Carta ao Presidente

Três horas da tarde e aquele corpo estava ali, caído.

Transeuntes passam e nem notam sua presença, talvez estejam acostumados com este tipo de cena.

Horas mais tarde, chega a polícia, que aciona o IML, as roupas sujas mostram que tal pessoa dever ser um sem teto, um indigente.

Em suas roupas é encontrada uma carta, o papel esta muito amassado e sujo.

Funcionários do IML retiram a carta e a joga fora, não se importam com a mesma.

Dias depois, um garoto, que transitava pelo local, indo para a escola encontra a carta, não sabe por que, mas, resolve lê-la.

Carta ao Presidente:

Senhor Presidente,

Perdoe-me pela intransigência, mas, nestes últimos minutos que tenho de vida queria falar-lhe.

Há muito tempo atrás, fui muito importante na vida dos meus filhos e era de grande importância para todos os que estavam a minha volta e aos que estavam comigo.

Digo que, quando o Senhor foi eleito, fiquei muito contente, afinal, um homem do povo, que conhecia o povo, que conhecia a necessidade do povo e que sabia realmente o que fazer para as coisas melhorarem.

Senhor, peço desculpas novamente, mas, tenho que desabafar.
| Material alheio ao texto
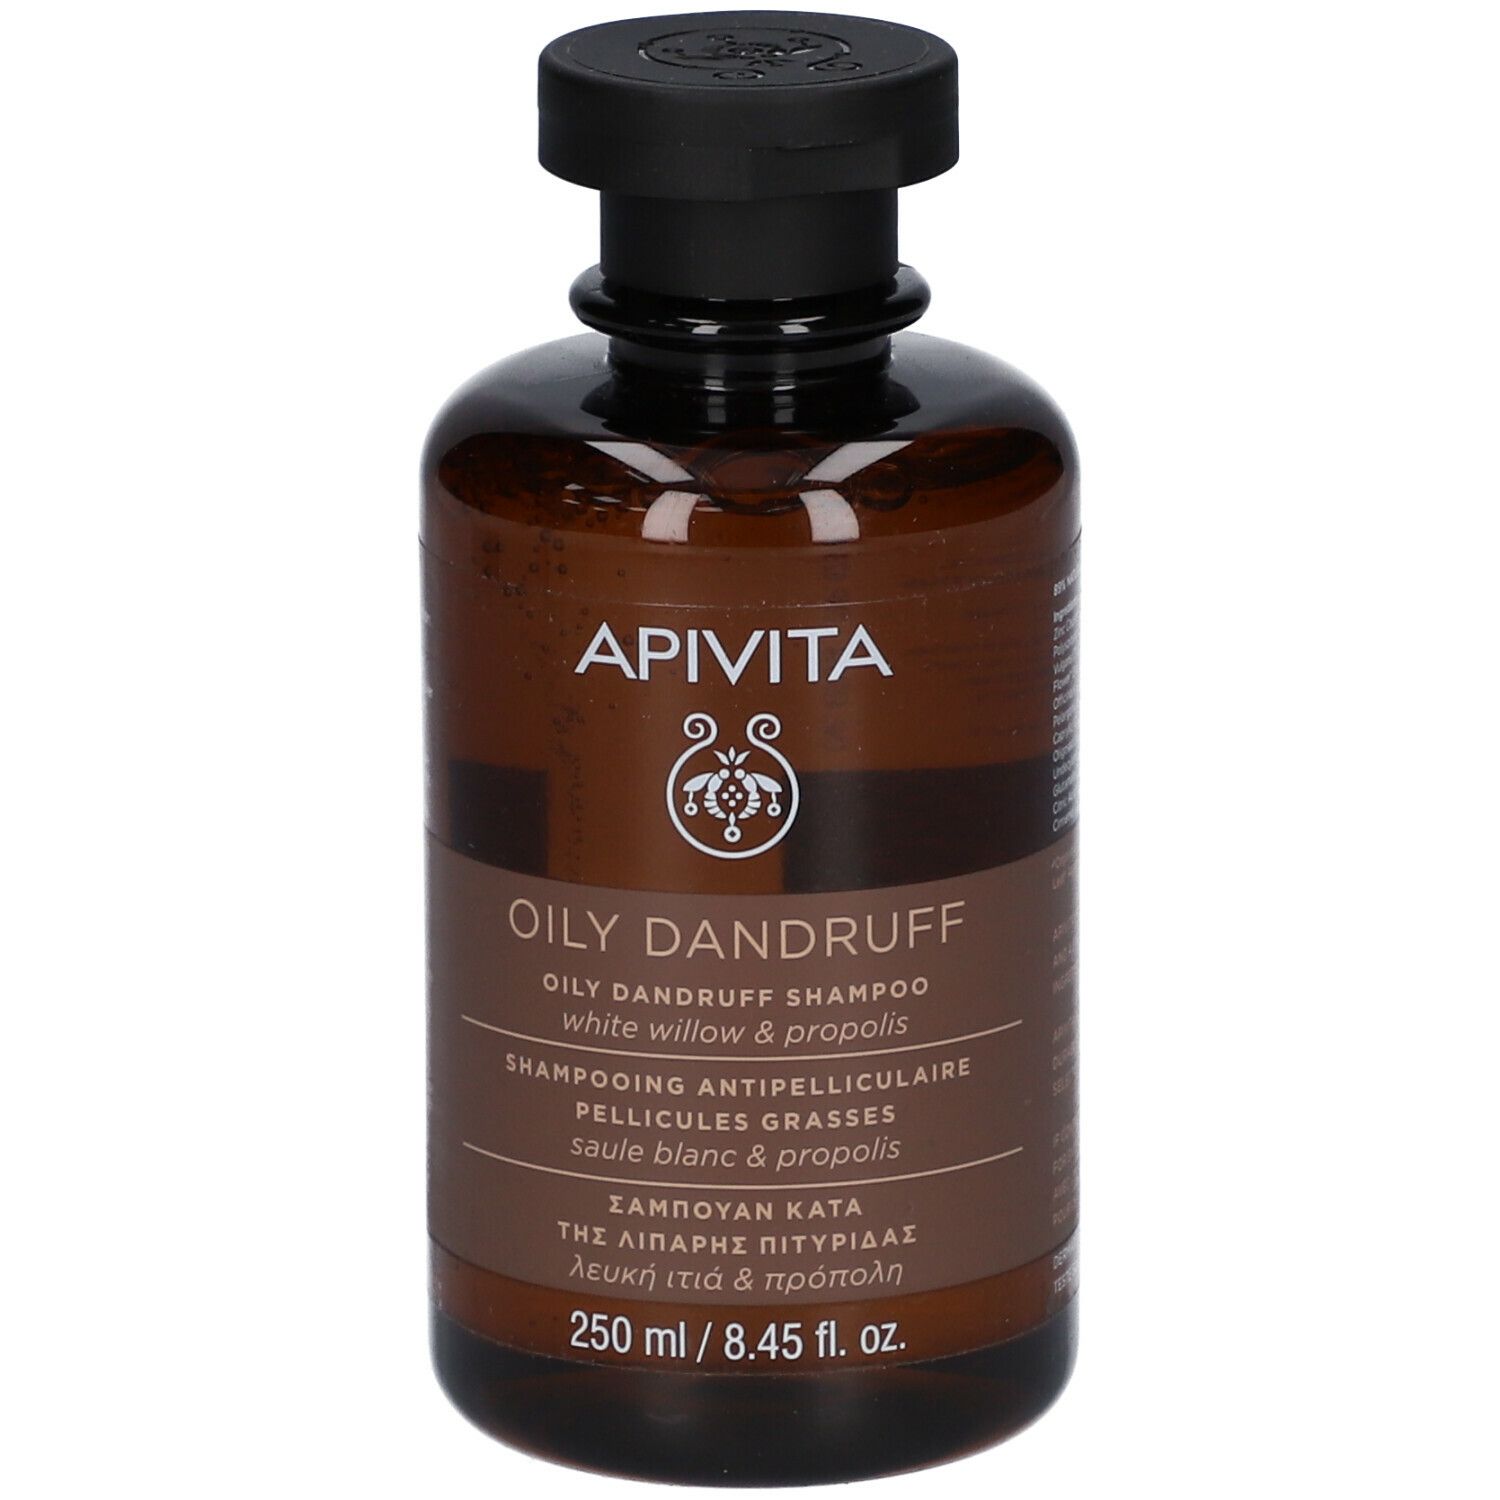 Apivita shampooing antipelliculaire

Bem, vou ser sincero ao Senhor, fui abandonado, perdi tudo o que eu tinha, fui roubado, destruído.

Confesso que, tive uma boa vida, tive muito dinheiro, e muitas riquezas, que não foram bem administradas.

Aos poucos fui empobrecendo, perdendo tudo o que eu tinha, até restar o que eu sou agora.
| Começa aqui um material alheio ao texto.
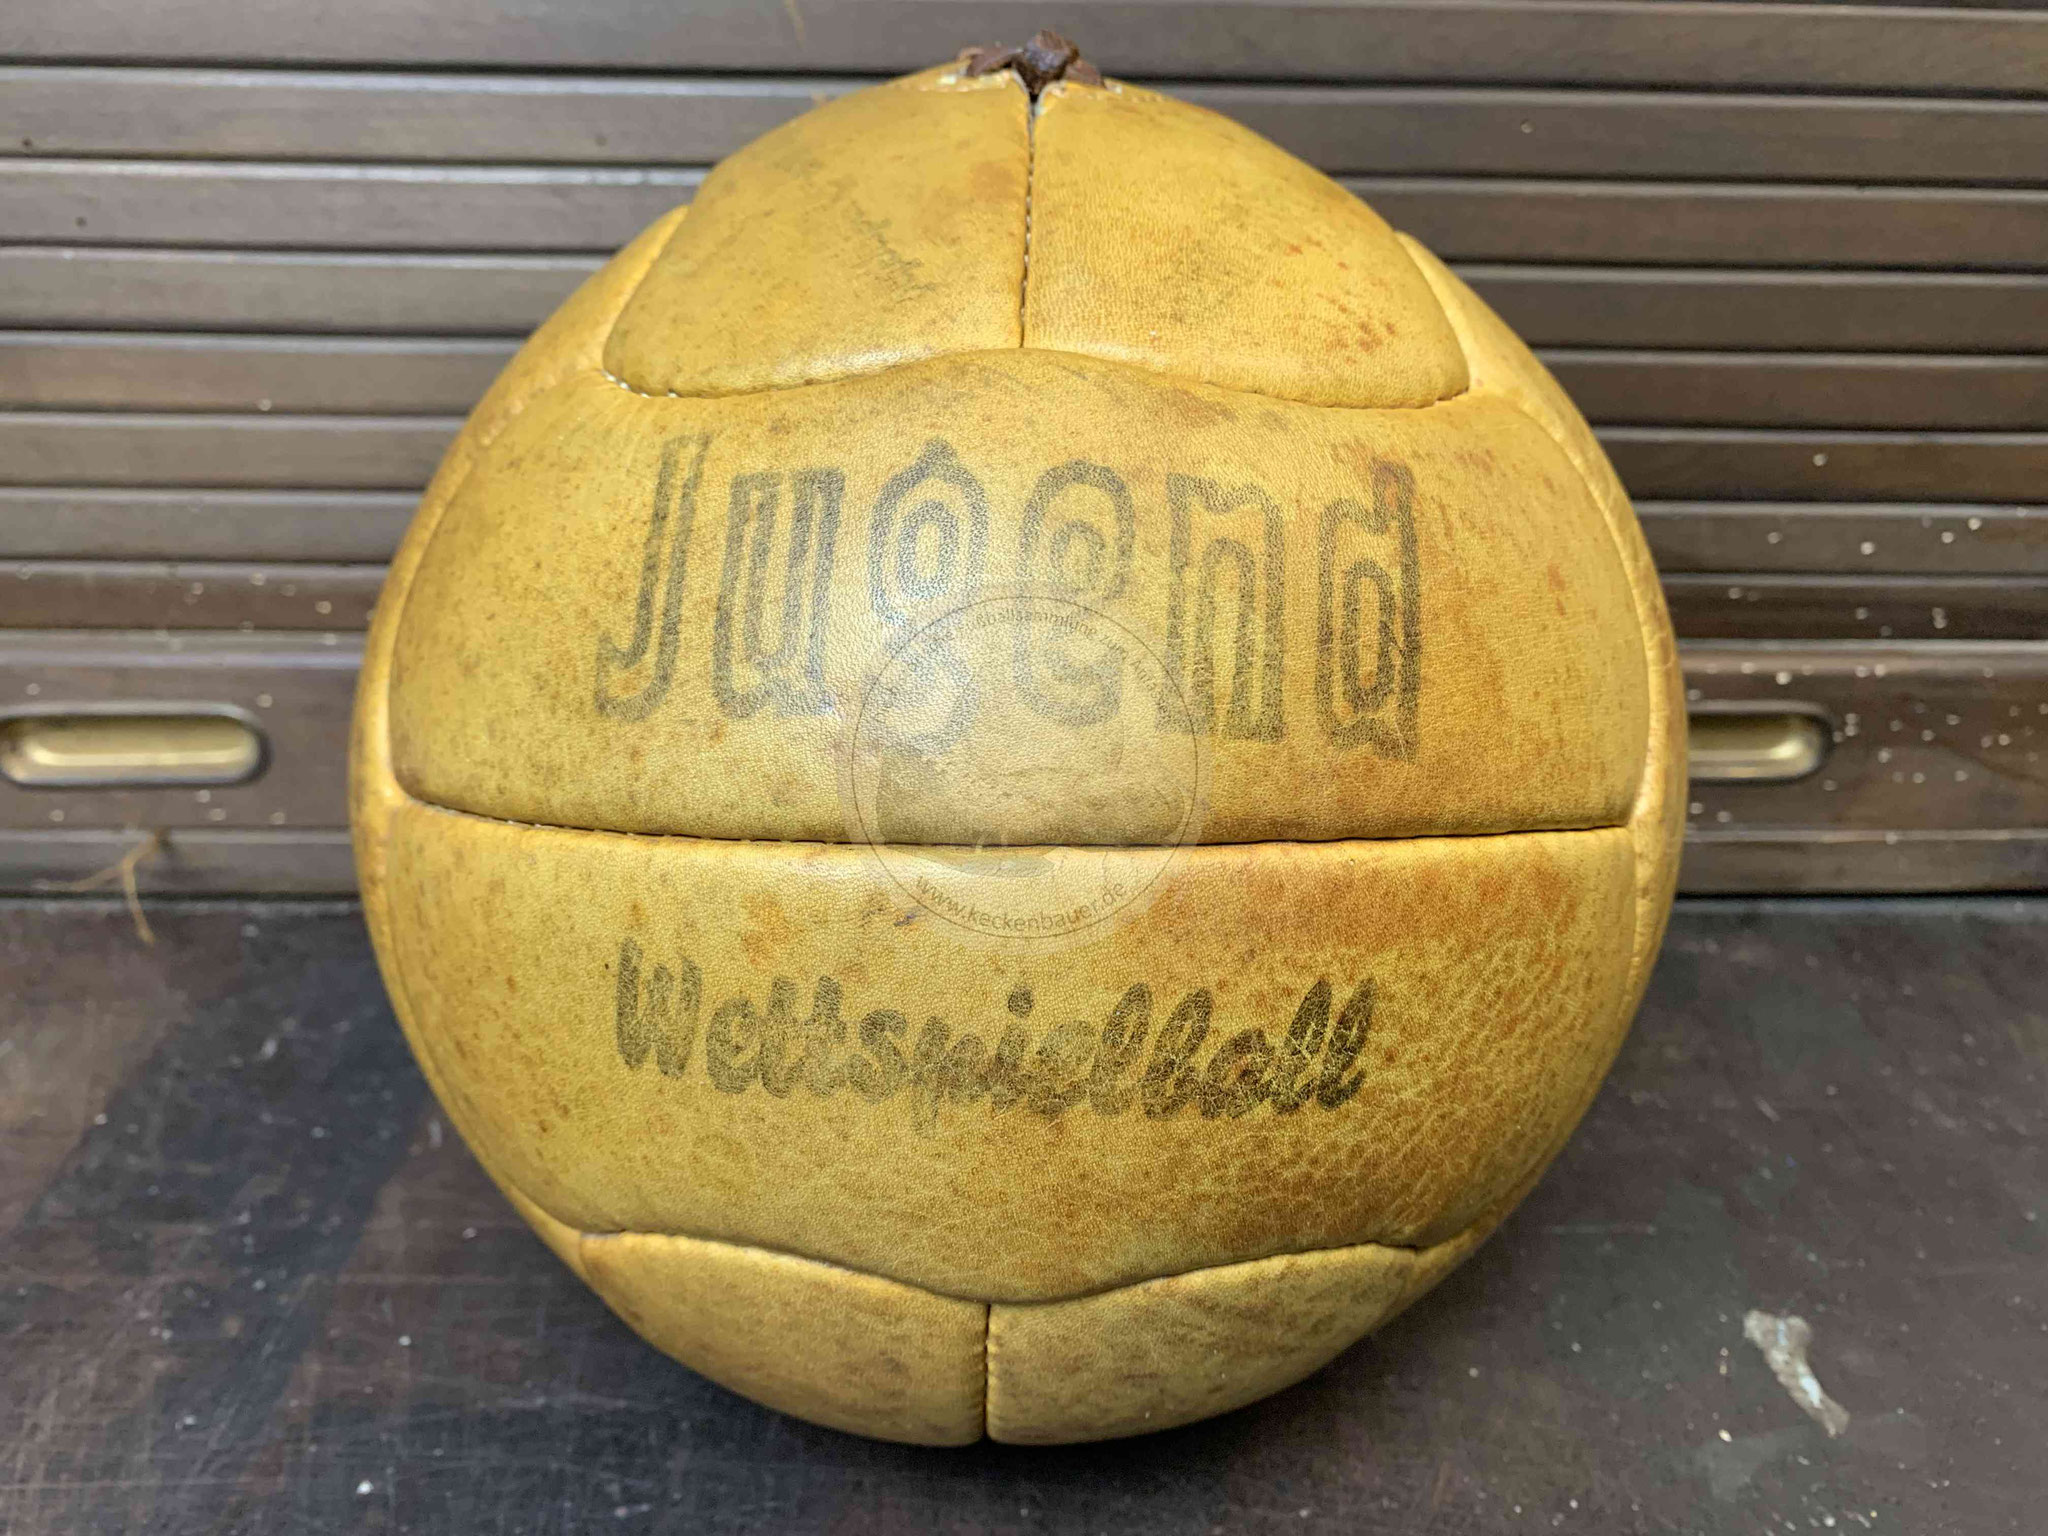 Fußball "Jugend Wettspielball" mit zwei Panelen je Seite und klassischer Naht für die Ballblase

Melhores tempos virão, diziam, infelizmente, os tempos melhores nunca chegaram.

Foram feitos empréstimos em meu nome, que, com juros altos, não foram pagos, foram refinanciados, não sendo pagos novamente, ficou para mim, somente dividas e sofrimento.

Depois de um tempo comecei a observar que nada dava certo, mudavam as pessoas, mas mesmo assim, as coisas não mudavam, as pessoas iam enriquecendo, enquanto eu, empobrecendo.

Tive várias empresas, as que davam lucros, foram vendidas, as demais, ficaram sucateadas, destruídas, e o que é pior, nunca vi o dinheiro das vendas de minhas empresas.

Me disseram, que o dinheiro foi para me ajudar, ajudar aos meus filhos, mas sinceramente, tanto eu quanto os meus filhos, continuamos na miséria.

Desesperei-me.

Olha Senhor presidente, é muito difícil ver um filho seu passando dificuldades, mas como ajudá-lo se não tenho condição de fazer.

Sofro. Sofro muito em ver tudo isso.

Estou doente, meus filhos também estão, mas fazer o que, a Saúde Pública esta na UTI, quase morrendo.

Acho que a Saúde já morreu e estão nos enganando, pois, não tem coragem de dizer-nos a verdade, nua e crua, como ela realmente é.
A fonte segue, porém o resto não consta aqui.